Indicators of Agricultural Development

The development of agricultural economy is the prime concern of
planners and economists and offers a challenge to them to find means
and ways to bring its overall reforms. The main aim of development of
agriculture is to achieve the required amount of agricultural production
and a high rate of economic growth in order to bring out a marked
improvement in the living standards of people. The development process
of economy is largely a reflection of the production structure. Meher
(1999) tries to calculate the development disparity among the 13
undivided districts of Orissa. To substantiate his position, he identifies
the following seven indicators for agricultural development in Orissa:
i. Percentage of cultivable land to total land area.
ii. Percentage of area sown to total cultivable area.
iii. Percentage of irrigated area to net area sown.
iv. Number of electric/diesel pump per 1,000 hectares sown.
v. Number of tractors per 1,000 hectares of area sown.
vi. Cropping intensity.
vii.Average yields of food grains per hectare.
In general, the agricultural development process depends on the following
1. Irrigation is the most important factor and key to agricultural
2. It is the obvious means of making the State’s agriculture relatively
independent of the vagarious of rains and of putting on a more
secure footing, the agricultural economy of the State on which to
a great extent the welfare and happiness of the larger section of
people in a predominantly agricultural State hinges.
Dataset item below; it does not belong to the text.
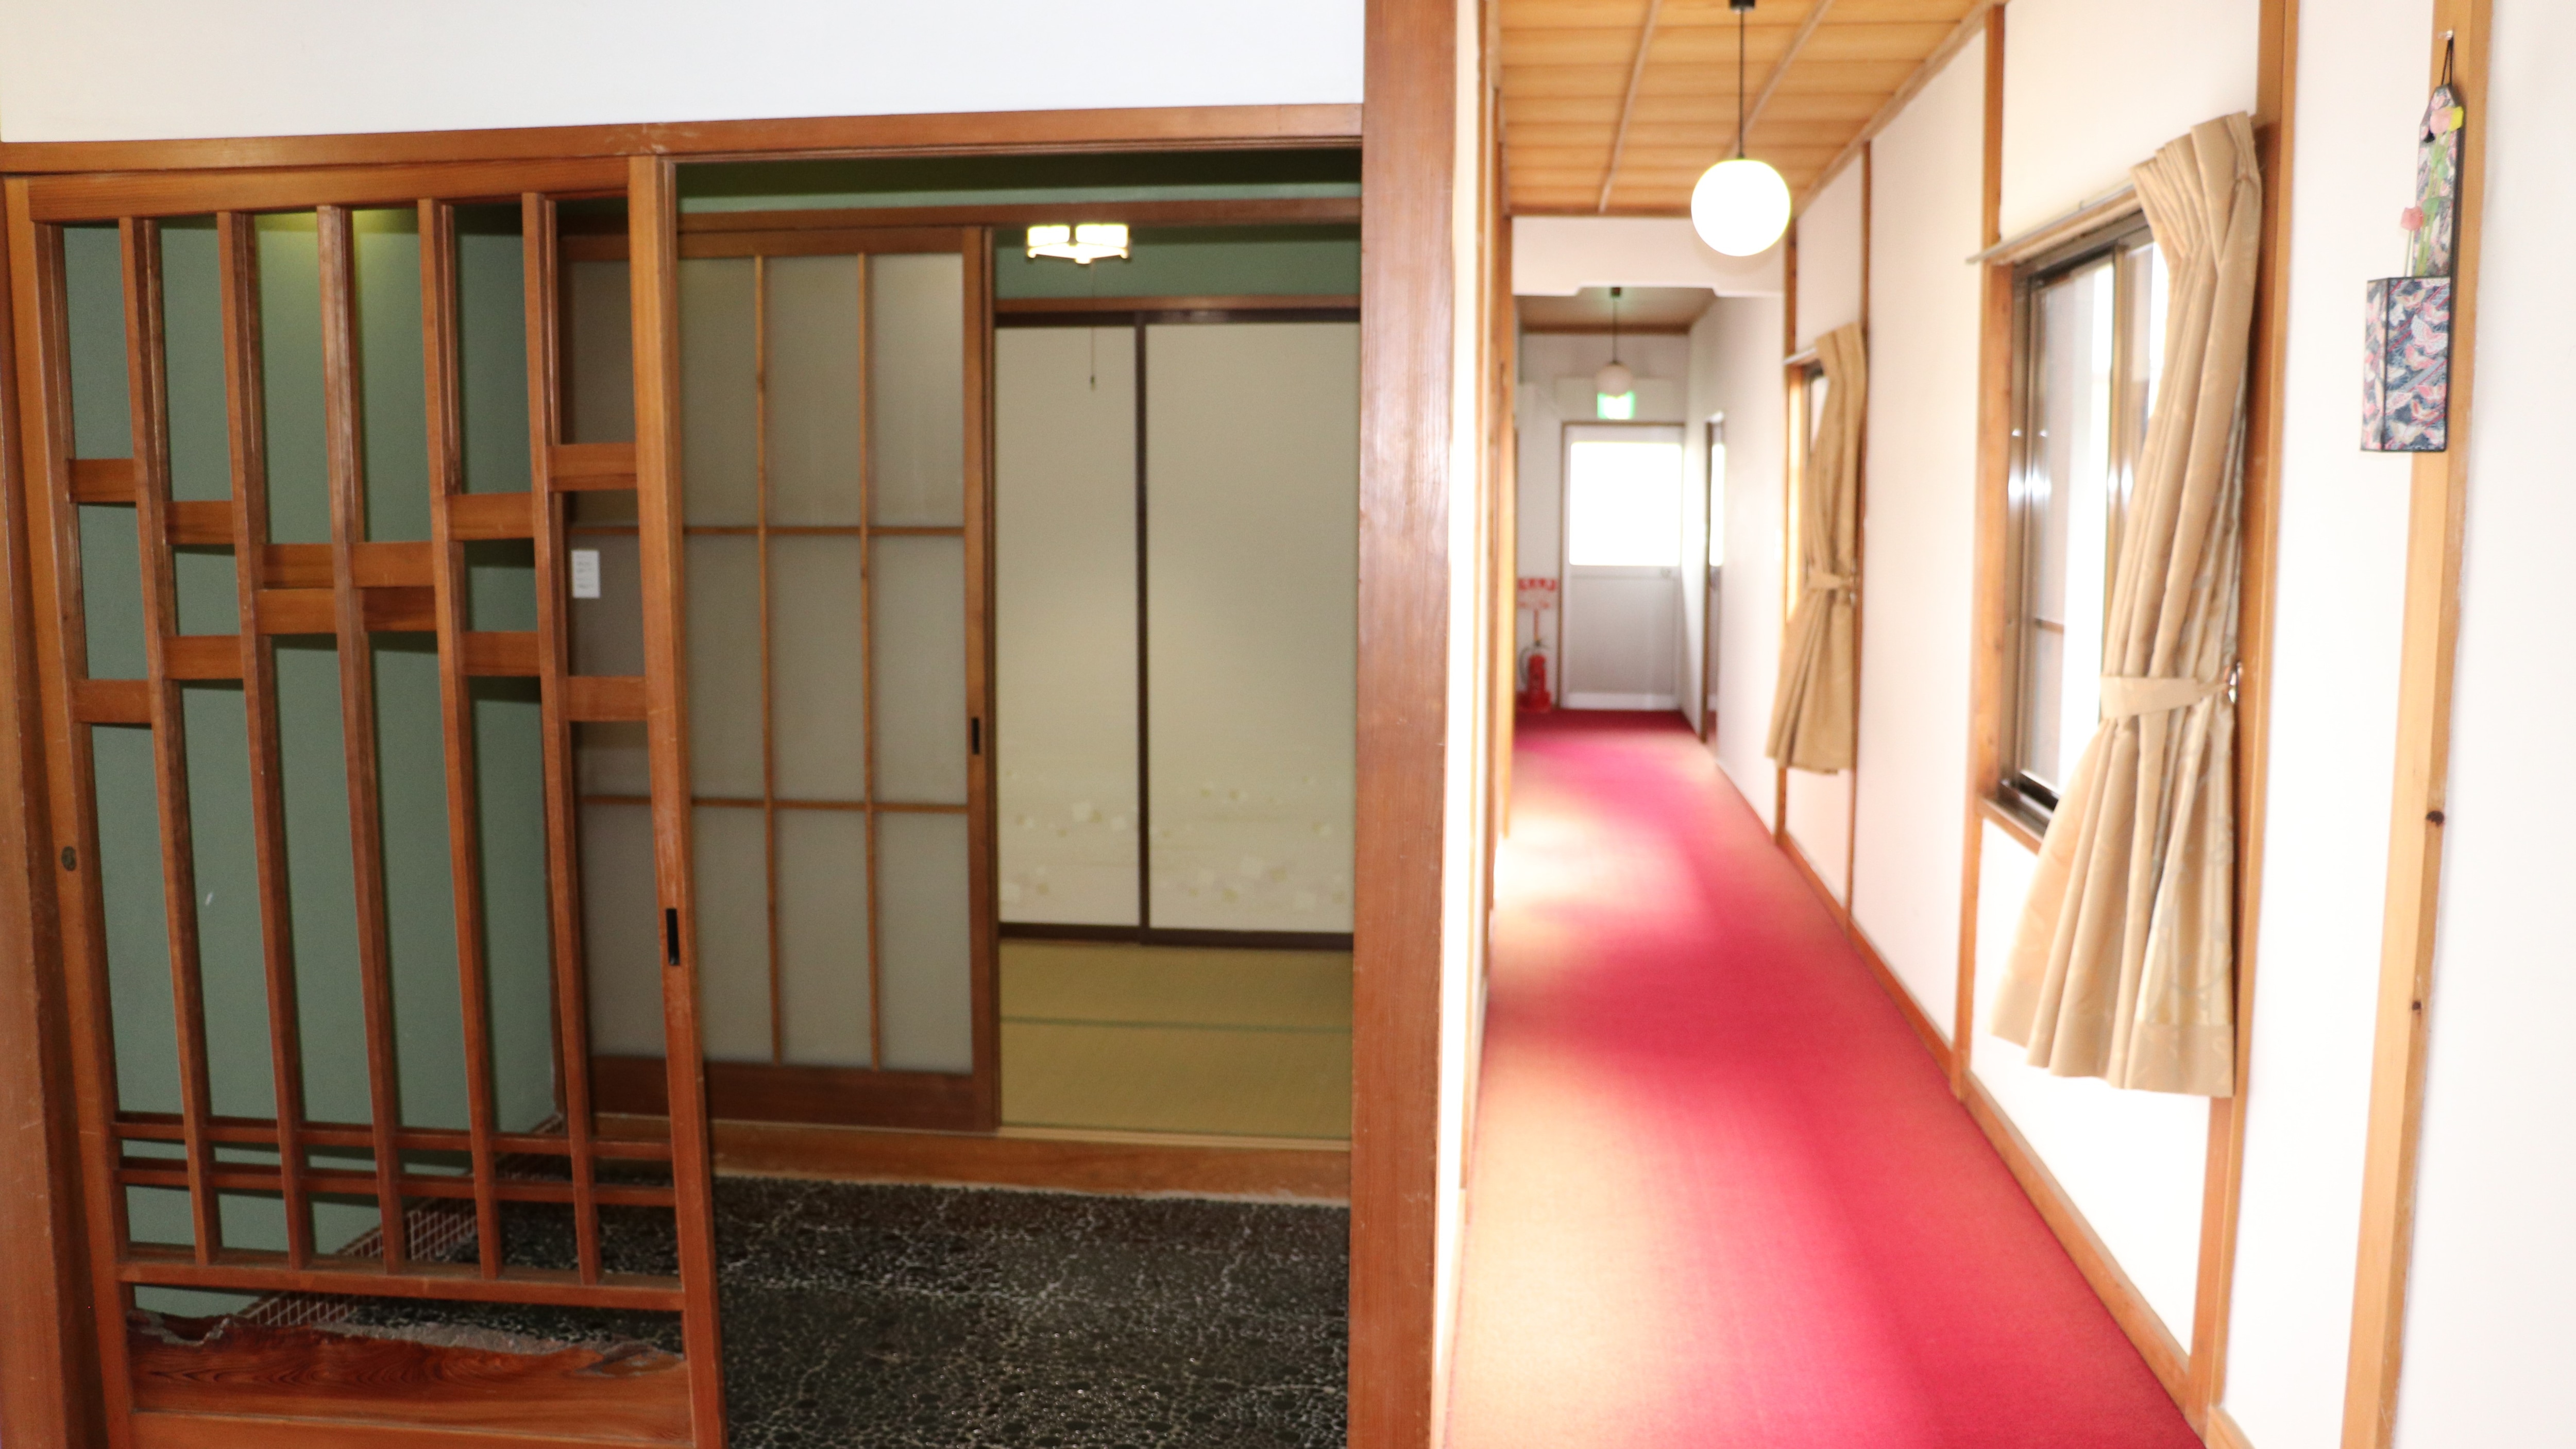 ชั้น 2 ห้องสไตล์ญี่ปุ่น 8 เสื่อทาทามิ ทางเข้า
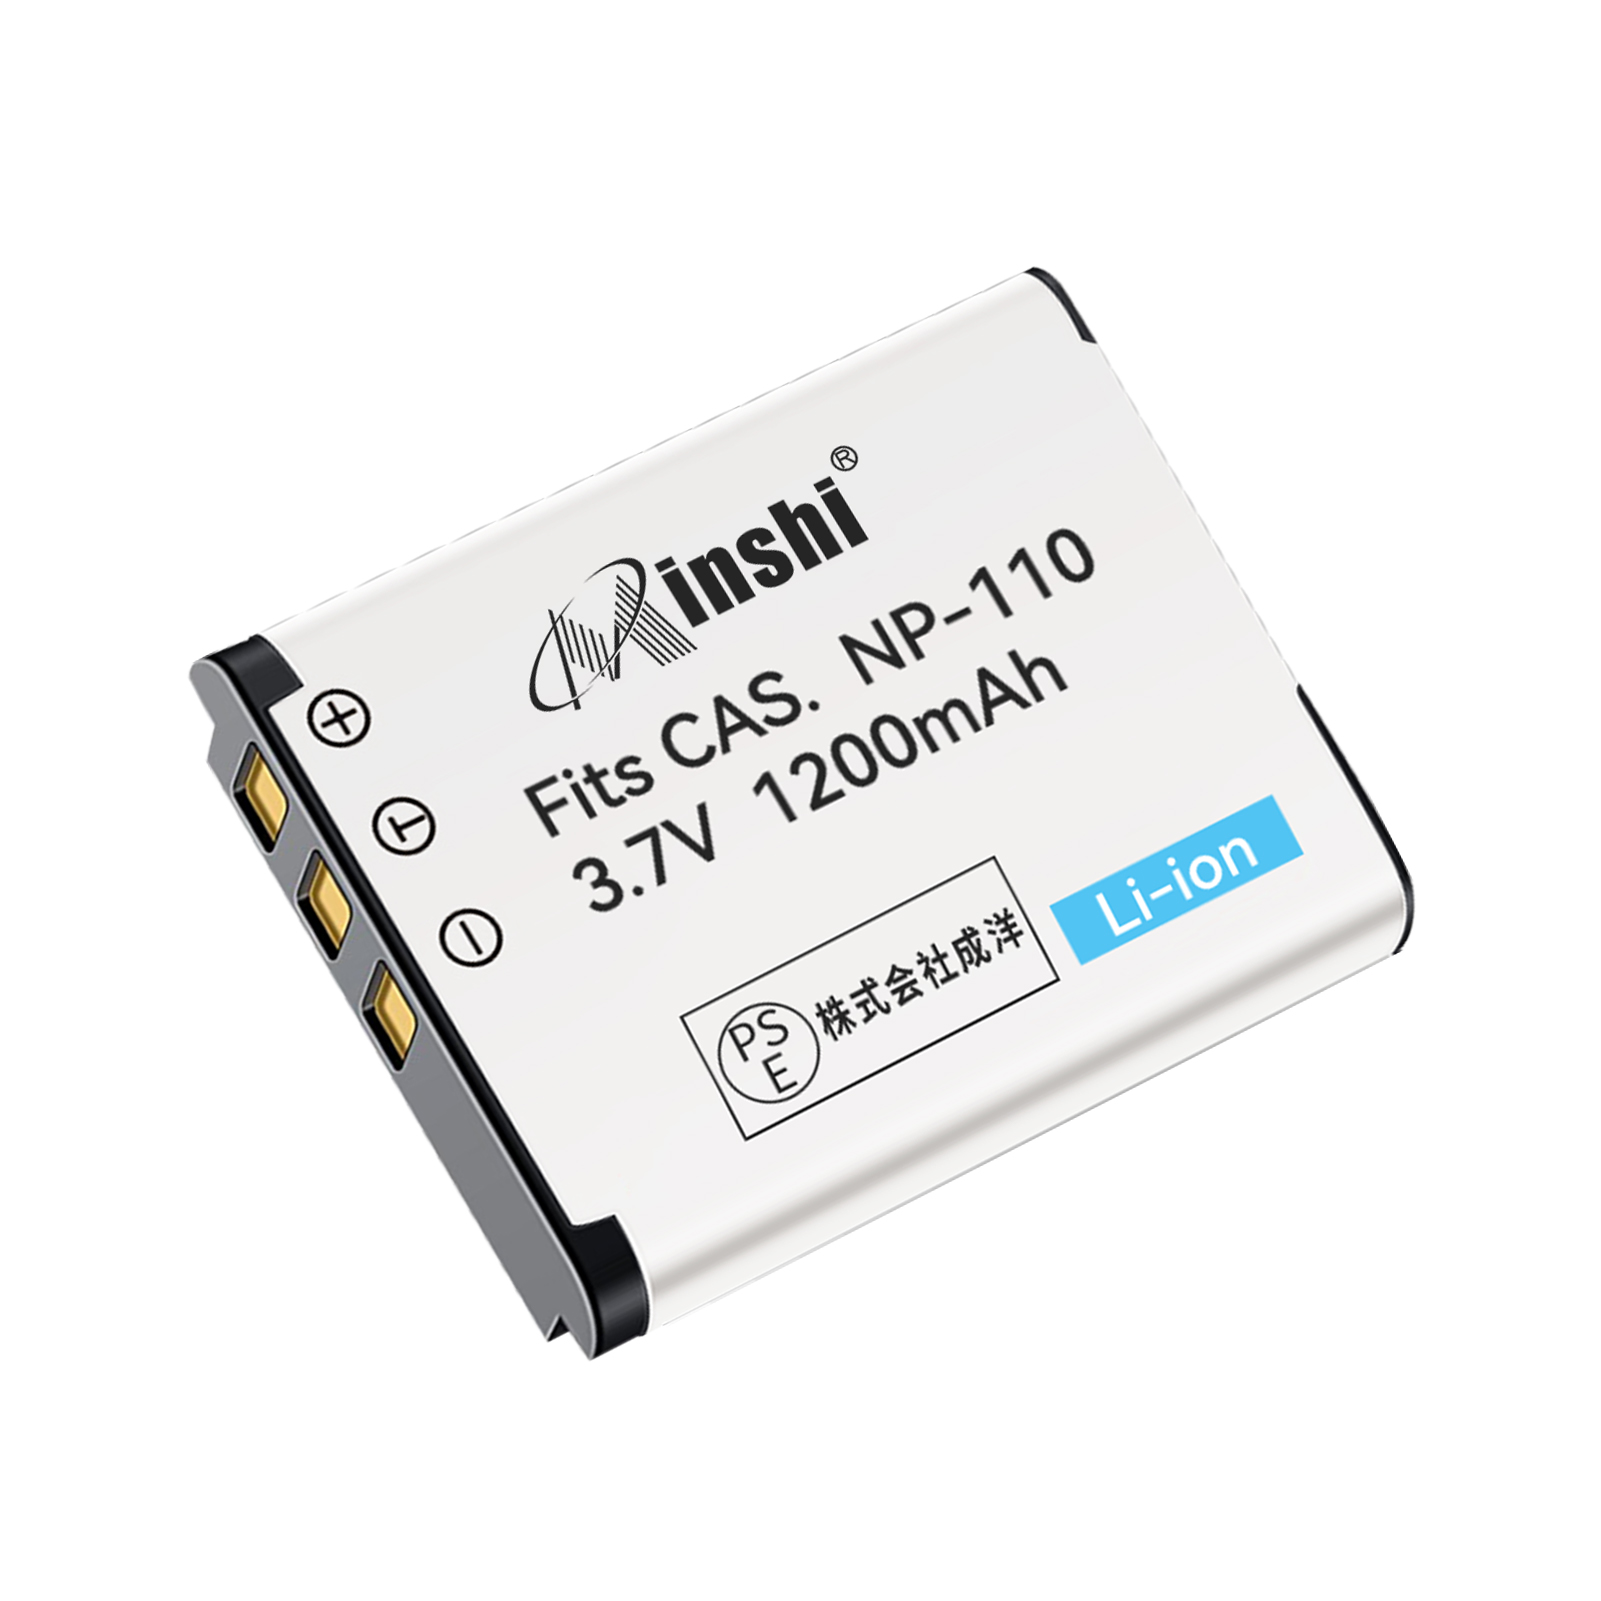 【1年保証】minshi CASIO BN-VG212U NP-110 【1200mAh 3.7V】PSE認定済 高品質交換用バッテリー

The proportion
of net area irrigated to net area sown in Orissa was 34.40 per
cent during 1999-2000 as against the all India level of 40.53 per
cent. It is greatly disheartening when we compare the percentage
of irrigated cultivable land with agriculturally advanced states like
Punjab (94.48 per cent), Haryana (81.31 per cent), and Tamil
Nadu (54.39 per cent). For this purpose, the State government
has undertaken a number of major and medium irrigation projects.

For instance, it has completed seven major irrigation projects and

eight projects are under construction. Similarly, it has completed
49 minimum irrigation projects, ten new projects are going and
three medium projects have been extended (Government of Orissa,
2004b: 44).
However, the government is committed to bring at least 50 per
cent of agricultural land under assured irrigation. Under the banner
of State Agricultural Policy 1996, the State has planned to provide
irrigation facilities to nearly 1,200,000 hectares of agricultural land.
The government has planned to cover 5.30 lakh hectares of
cultivable land under major and medium irrigation projects; 1.30
lakh hectares under utilization of ground water (for example, dug
well, shallow tube wells etc.); 3.00 lakh hectares under minor
irrigation projects (flow and light); and 2.00 lakh hectares of
agricultural land under the banner of water harvest operation etc.
(Government of Orissa, 2004b: 75).
3. The productivity of food grains in Orissa during 2001-2002 was
1,405 kg per hectare which is much lower compared to some
other more developed states like Andhra Pradesh, Punjab, Haryana,
Karnataka, West Bengal, Uttar Pradesh. It is also below the
national average of 1,739 kg per hectare. So, the government has
promised to supply high yielding varieties and that will be increased
over the years (Government of Orissa, 2004b: 71).
4. Timely agricultural operation is the key to increase the productivity
in agriculture. To increase agricultural production, it is necessary
that chemical fertilizers are used adequately and in a balanced
manner. The consumption of fertilizer was 40.84 kg per hectare
during 2001-2002. It was much below the national average of
90.12 kg per hectare (Government of Orissa, 2004a: 21/3). In its
agricultural policy, the government has promised to increase the
use of chemical fertilizer (Government of Orissa, 2004b: 72). If
one goes to analyse the proportionate use of fertilizer ingredients,
the ineffectiveness of extension services are exposed. The desirable
norm of the use of fertilizer – Nitrogen (N), Phosphorous (P) and
Potash (K) – is recommended as 4:2:1 respectively (Diwakar,
2005: 6). The Government of Orissa is committed to maintain the
appropriate ratio of NPK along with the increased use.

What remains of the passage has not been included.